Spatial Distribution and Associated Factors Influencing 2024 Measles-Rubella Vaccination Campaign Coverage among Children Aged 9-59 Months in Mainland Tanzania

Authors

  • Hajirani M Msuya Ifakara Health Institute, Dar es Salaam, Tanzania
  • Samwel Lwambura Ifakara Health Institute, Dar es Salaam, Tanzania
  • Ibrahim Msuya Ifakara Health Institute, Dar es Salaam, Tanzania
  • Omar Lweno Ifakara Health Institute, Dar es Salaam, Tanzania
  • Bakari Fakih Ifakara Health Institute, Dar es Salaam, Tanzania
  • Mwifadhi Mrisho Ifakara Health Institute, Dar es Salaam, Tanzania
  • Hassan Tearish Ifakara Health Institute, Dar es Salaam, Tanzania
  • Gumi Abdallah Ifakara Health Institute, Dar es Salaam, Tanzania
  • Selemani Mmbaga Ifakara Health Institute, Dar es Salaam, Tanzania
  • August Kuwawenaruwa Ifakara Health Institute, Dar es Salaam, Tanzania
  • William Mwengee World Health Organization, Tanzania Country Office, Dar es Salaam, Tanzania
  • Joseph Mdachi Ministry of Health, Dodoma, Tanzania
  • Furaha Kyesi Ministry of Health, Dodoma, Tanzania
  • Moza Kassim Zanzibar University, Zanzibar, Tanzania
  • Kamaria Kassim Regency Medical Centre, Pediatrics and Child Health, Dar es Salaam, Tanzania
  • Farida Hassan Ifakara Health Institute, Dar es Salaam, Tanzania
  • Abdallah Mkopi Ifakara Health Institute, Dar es Salaam, Tanzania

DOI:

https://doi.org/10.56147/jbhs.2.5.62

Keywords:

  • Children,
  • Measles vaccine,
  • Coverage,
  • Spatial and multilevel analysis,
  • Tanzania

Abstract

Introduction: Globally, measles remains a major cause of child mortality and rubella is the leading cause of birth defects among all infectious diseases.
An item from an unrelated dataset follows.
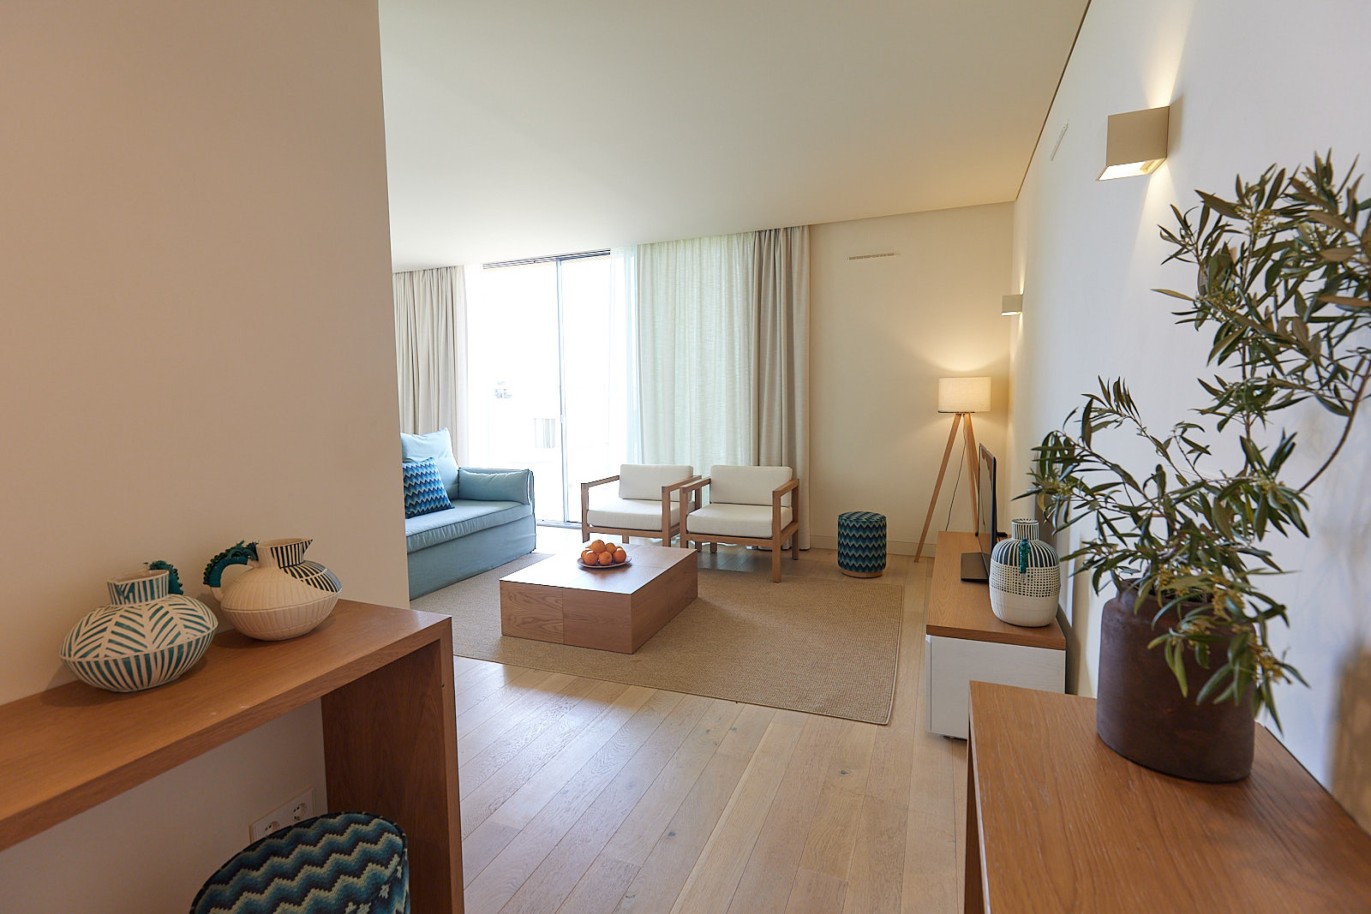 2 bedroom apartment in resort, for sale in Porches, Algarve_228835

In Mainland Tanzania, eliminating measles and rubella remains challenging due to geographical diversity, uneven healthcare facilities distribution and socio-economic disparities across regions. This study aimed to explore the spatial distribution and associated factors of measles-rubella campaign coverage among children aged 9-59 months in Mainland Tanzania.

Methods: A cross-sectional survey was conducted to assess the spatial distribution and factors influencing Measles-Rubella (MR) vaccination coverage among children aged 9-59 months in mainland Tanzania after the MR campaign implementation in February 2024. The spatial autocorrelation was used to assess vaccination coverage in a study area. Hotspot and cold-spot analysis were performed to describe the spatial cluster of measles-rubella vaccination campaign coverage in Mainland Tanzania based on Getis-Ord Gi* statistics. To identify factors associated with the campaign coverage, we used a multivariable logistic regression model.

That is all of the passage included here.